• Remark on Salt: documentation is rather dispersed.
    • May be attached to University of Utah.
    • Seems to be a small group compared to Puppet, Chef.
    • Should we switch to one of those two? (Namely Puppet, since the MOC uses it so much.)
  • Looks like we’re close to running a job from engage1 cluster on Virtual node.
    • To do: Need compute node to be able to access controller.
    • Need to securely transfer Munge key.
    • VM needs public IP.
    • Need to do various security setups.
    • There are various paths in the slurm.conf file—ideally would be network synced, perhaps, but we can just “put them in place” on the compute node.
      • Prolog files, state save location
  • Build up to tying to Chris’ cluster:
    • Remark: Need a stable “snapshot” of these scripts on git.
      • Inside “slurm” directory, create “anuj_centos7” directory with Anuj’s scripts.
      • Create separate directory, “rajul_centos6” with current snapshot.
      • Third directory, “towards_engage1_centos6” with new work.
    • Start adding features to our “fake” controller that asymptotically approaches Chris’ controller (namely features in the slurm.conf file).
    • Make sure it works at each step.

##OSG:## Idea:

  • Two node job in VMs, suspend VMs in an orchestrated fashion, bring them back up.
  • Basic idea of suspending a job that’s running, using resources for something else, then paging it back in (all while keeping SLURM happy).
  • Let’s say there’s a VM running on a SLURM node. Suspend VM, put SLURM node in “Power Saving” mode to keep it from panicing?

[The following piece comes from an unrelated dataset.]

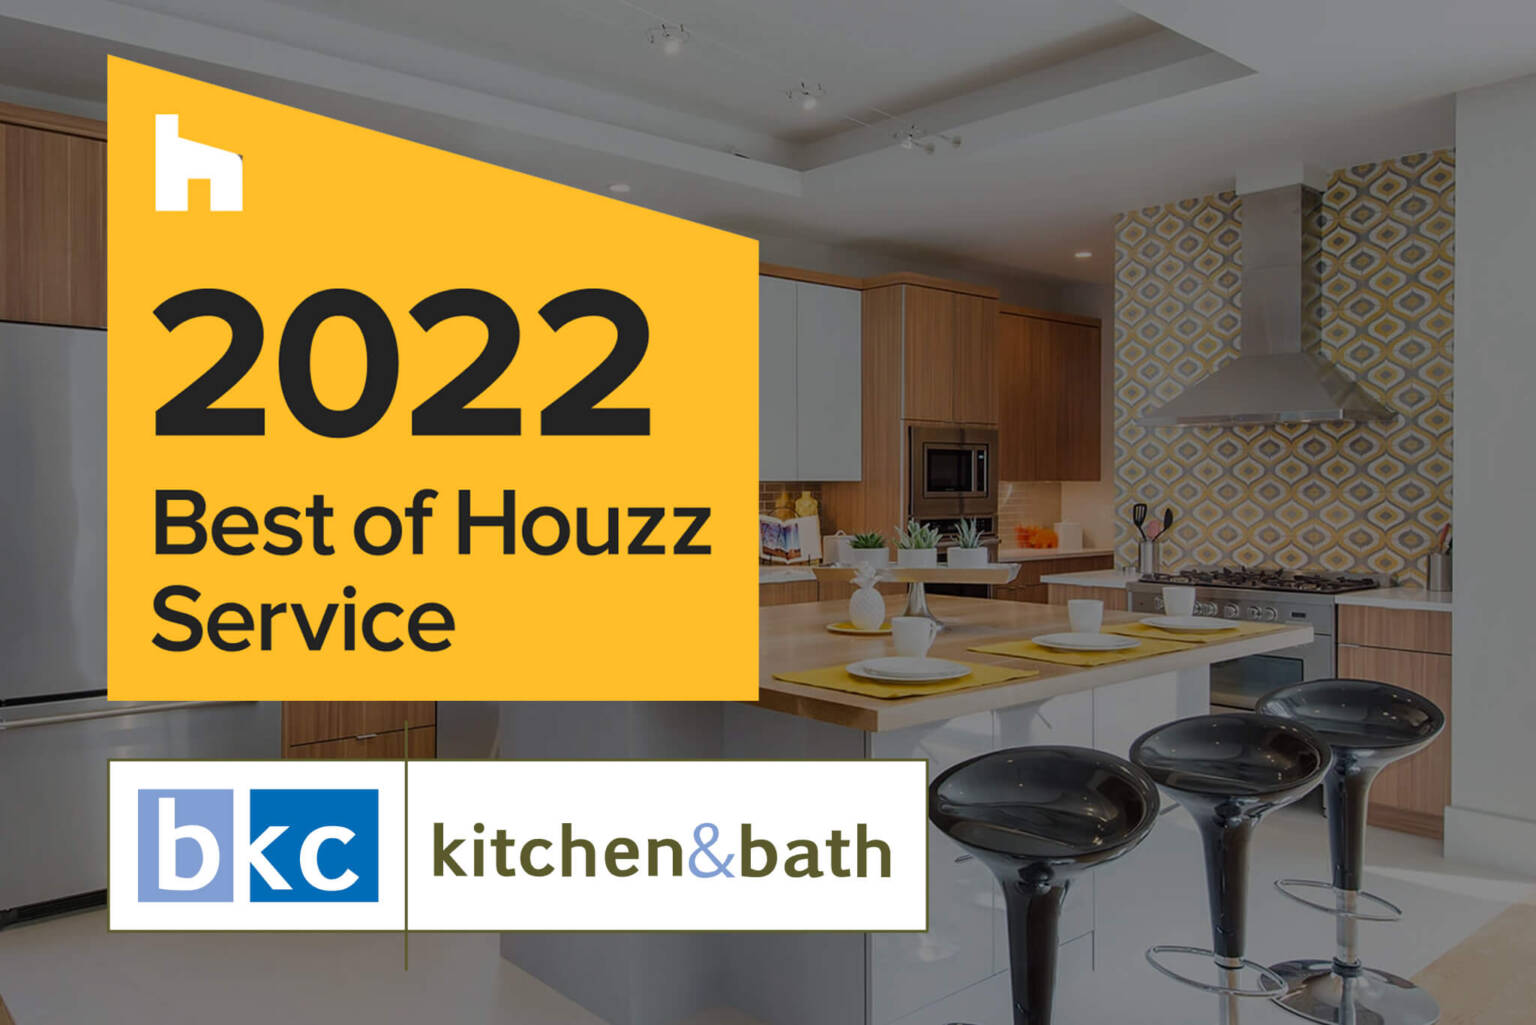 BKC 2022 Houzz Featured 1536x1025 
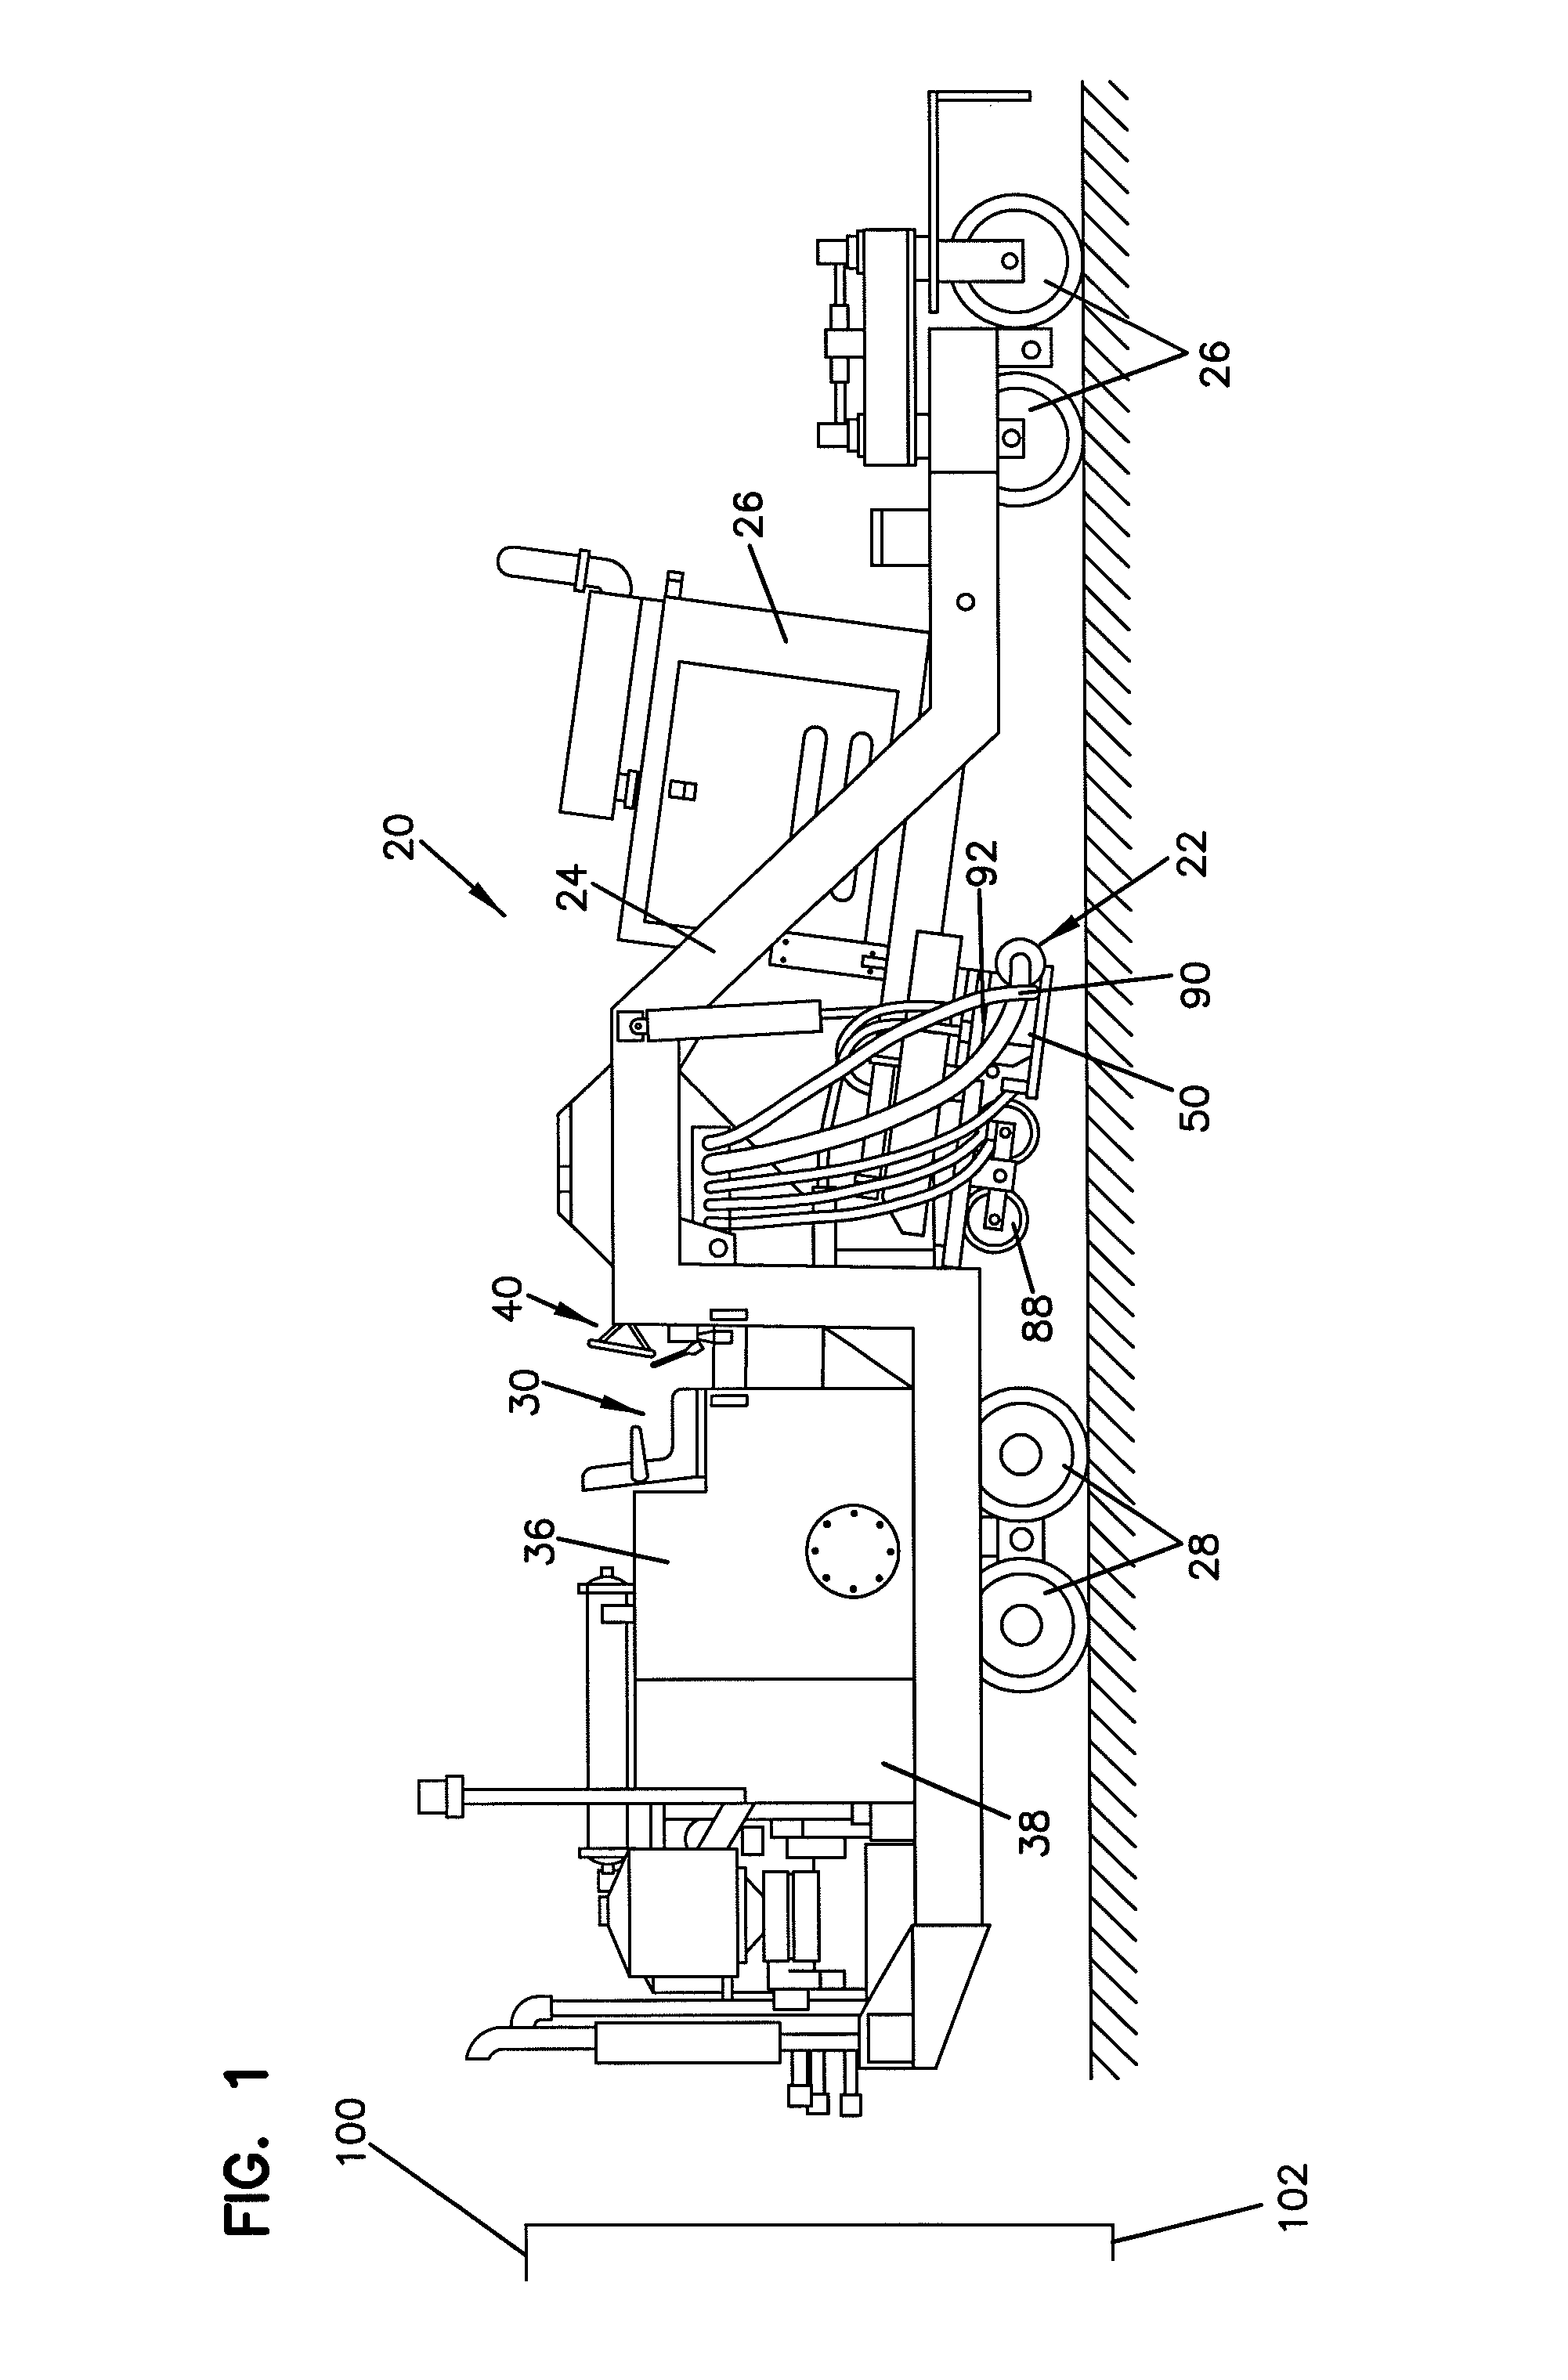 Water cooling system for grinder blades

  • Setup a Slurm Controller more like engage1
    • What do we need to do on the real cluster? (Exchange e-mails with Chris)
  • Make a list of rsources to be shared; files, ports,munge key.
  • Homework thinking about suspend business in SLURM, how it interacts, who’s asleep and who’s dead.
  • Keep scripts on github
    • Put slurm.conf on github, but first we need to sanitize it for private information since it’s based on Chris Hill’s slurm scripts.